Saludos. Tengo que remplazar un integrado RSN310R36 pero no encuentro el integrado. Encontre el RSN310R37 pero no se si pueda emplearse como remplazo directo. No encuentro las datasheets de estos componentes y me parecen bastante caros para andarle experimentando. Alguien puede recomendarme algo?


----------



## DOSMETROS (Dic 2, 2014)

http://ww2.justanswer.com/uploads/benimur/2011-06-12_153808_technics_sa-dx940_pow_amp.jpg

http://www.uploadarchief.net/files/download/schemaamp.jpg

http://obrazki.elektroda.net/48_1227879441.jpg


----------



## EME_JuanAndrade (Dic 3, 2014)

Gracias DOSMETROS. Aparentemente el R36 opera en mayor voltaje.  Supongo que no puedo usar el R37 como substituto. Tal vez construya un modulo con algun STK o de plano uno por transistores.


----------



## Daniel Sachin (Ene 1, 2020)

Hola, buen día. Necesito un pinout para el amplificador de audio RSN315H42 o un esquema de un circuito de aplicación.
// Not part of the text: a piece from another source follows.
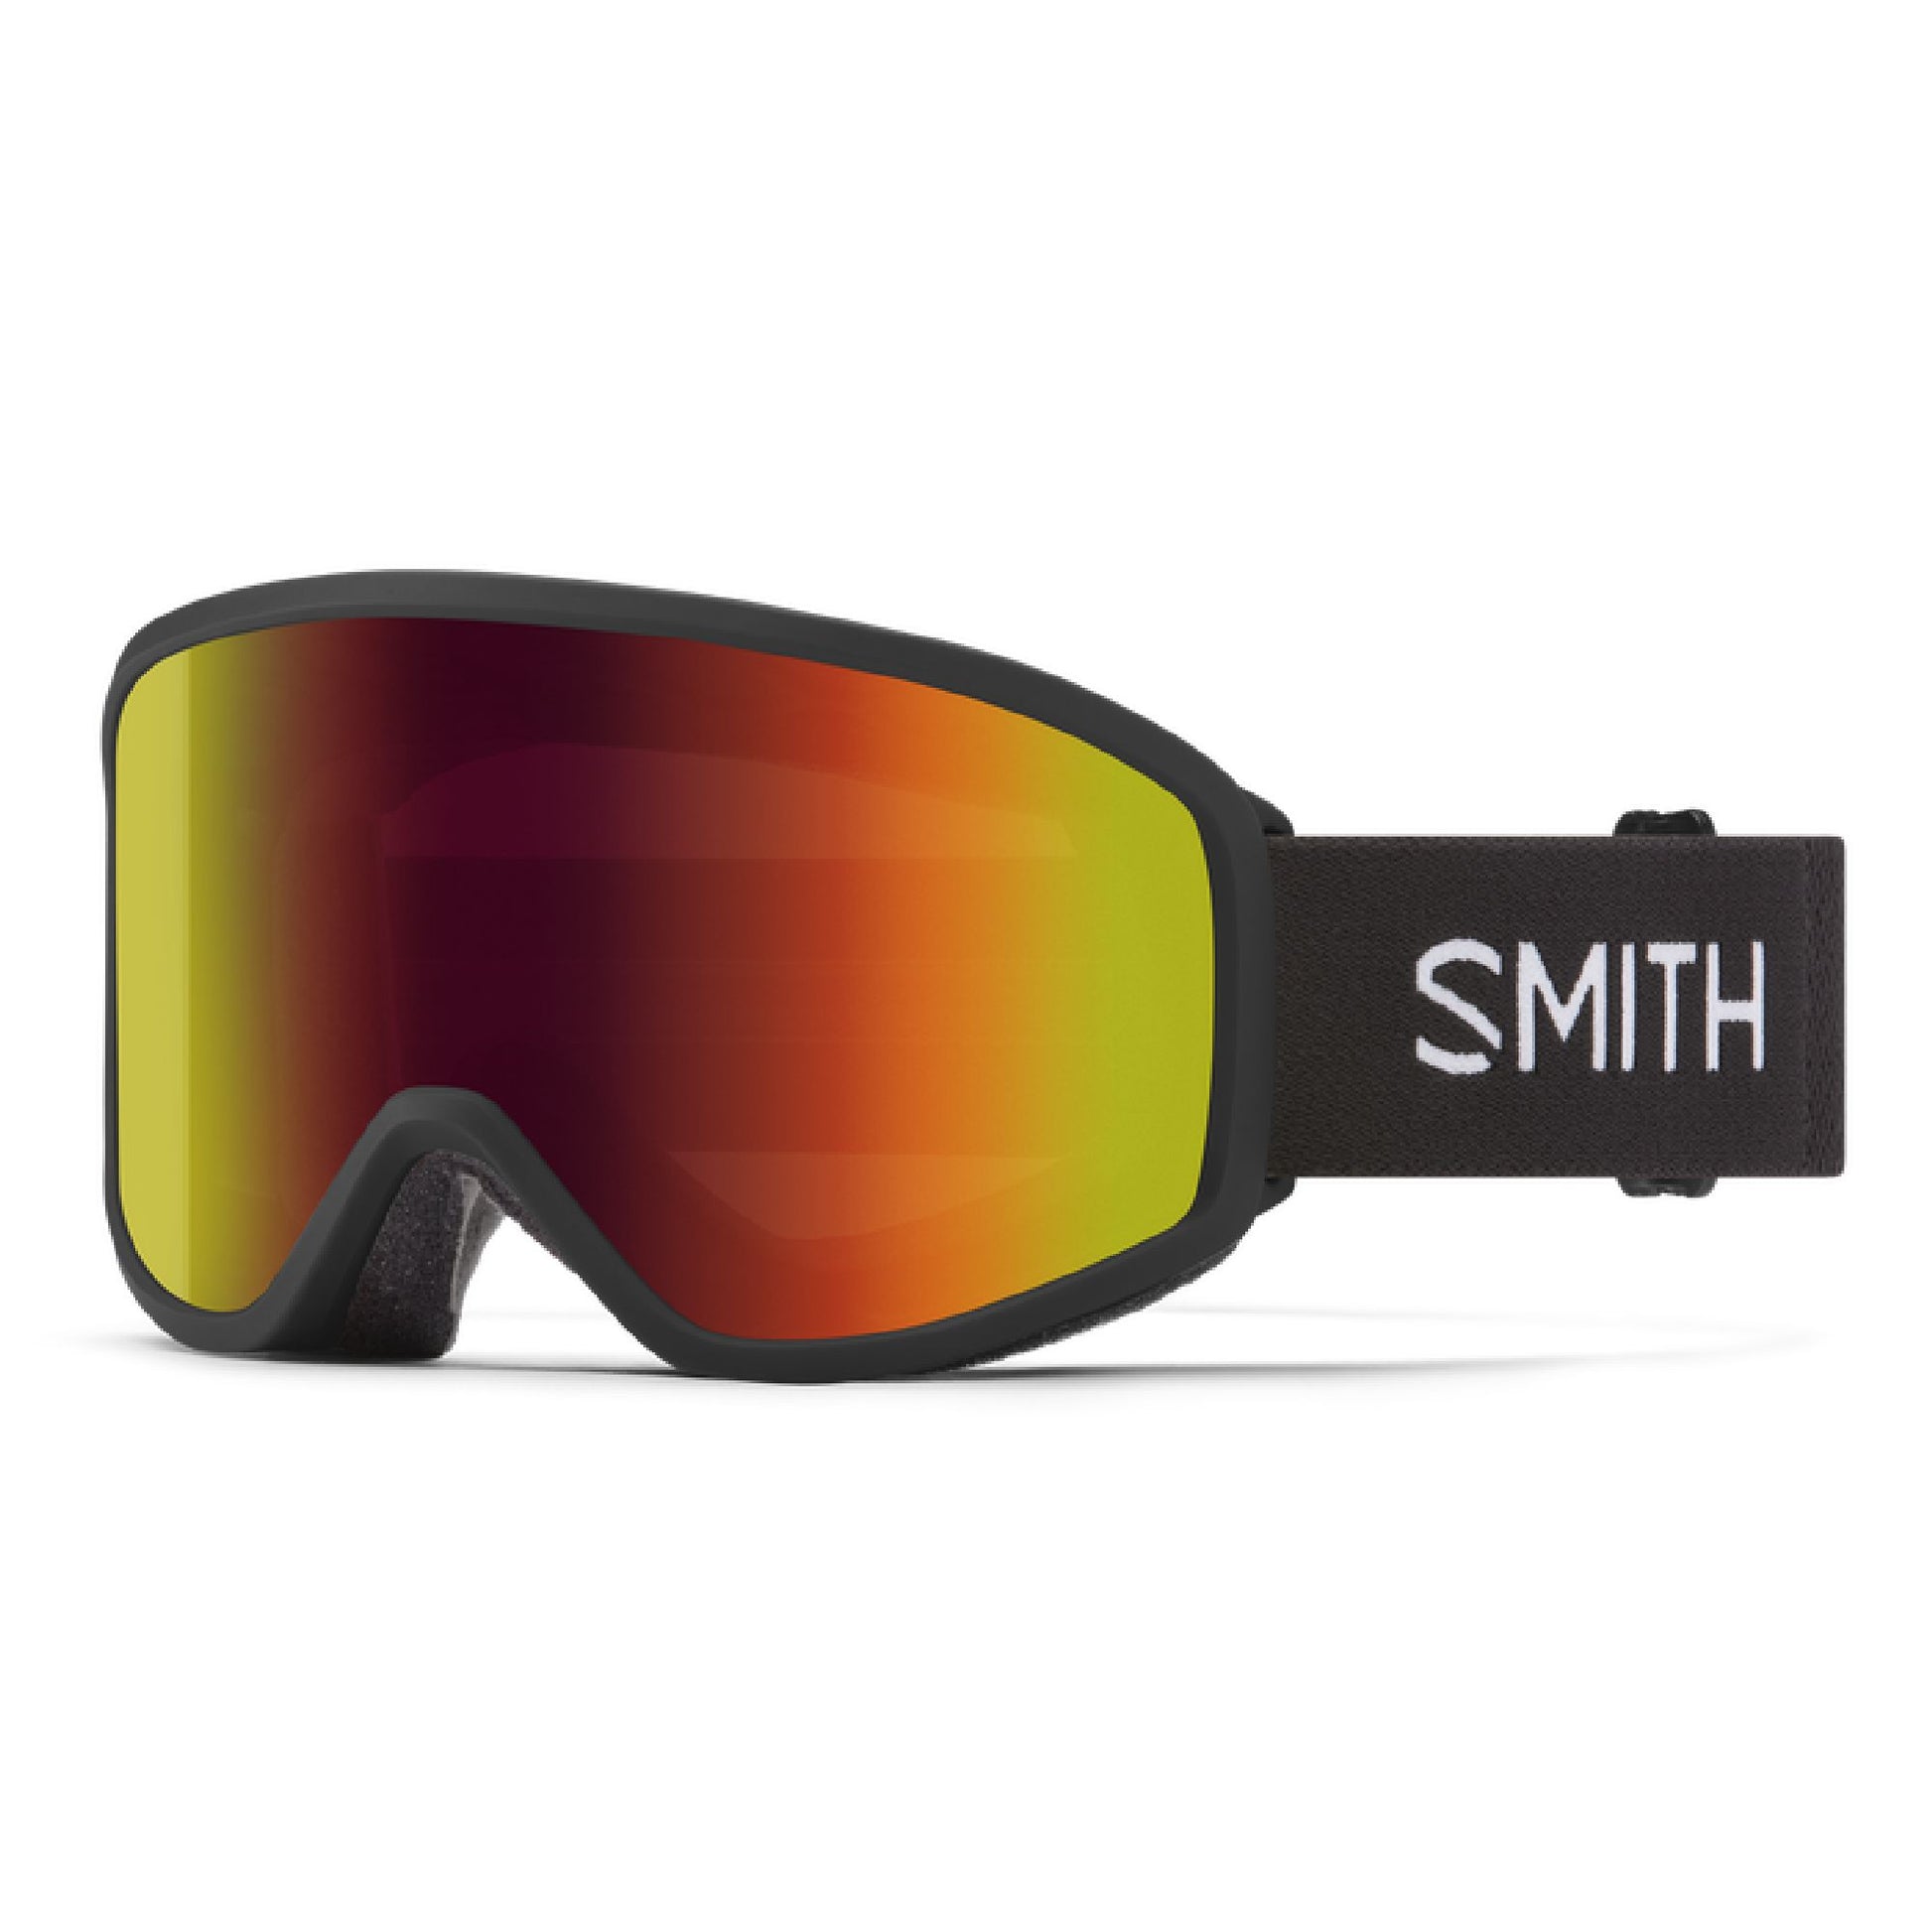 Smith Reason OTG Low Bridge Fit Snow Goggle Black / Red Sol-X Mirror Snow Goggles

Gracias.

Éste es el IC


----------



## DOSMETROS (Ene 1, 2020)

En el post número 2 están !

Aqui mas : rsn315h42 diagrama - Google Search


----------



## Daniel Sachin (Ene 1, 2020)

Me gustaría obtener el resto del esquema para el crossover, control de volumen y control de relé gracias por favor.


----------



## DOSMETROS (Ene 1, 2020)

Este minicomponentes lo usa  :









						Panasonic__ SA-AK331GP.pdf
					






					docs.google.com


----------